▸ Work item: Repeat the data exactly, every last line of it.

▸ Recorded information:

········

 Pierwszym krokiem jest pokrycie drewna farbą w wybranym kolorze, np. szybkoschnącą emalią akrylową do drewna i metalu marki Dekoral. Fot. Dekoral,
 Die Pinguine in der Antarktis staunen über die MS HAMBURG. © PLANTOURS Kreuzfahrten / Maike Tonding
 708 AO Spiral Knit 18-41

········

▸ Exercise result:
 Pierwszym krokiem jest pokrycie drewna farbą w wybranym kolorze, np. szybkoschnącą emalią akrylową do drewna i metalu marki Dekoral. Fot. Dekoral,
 Die Pinguine in der Antarktis staunen über die MS HAMBURG. © PLANTOURS Kreuzfahrten / Maike Tonding
 708 AO Spiral Knit 18-41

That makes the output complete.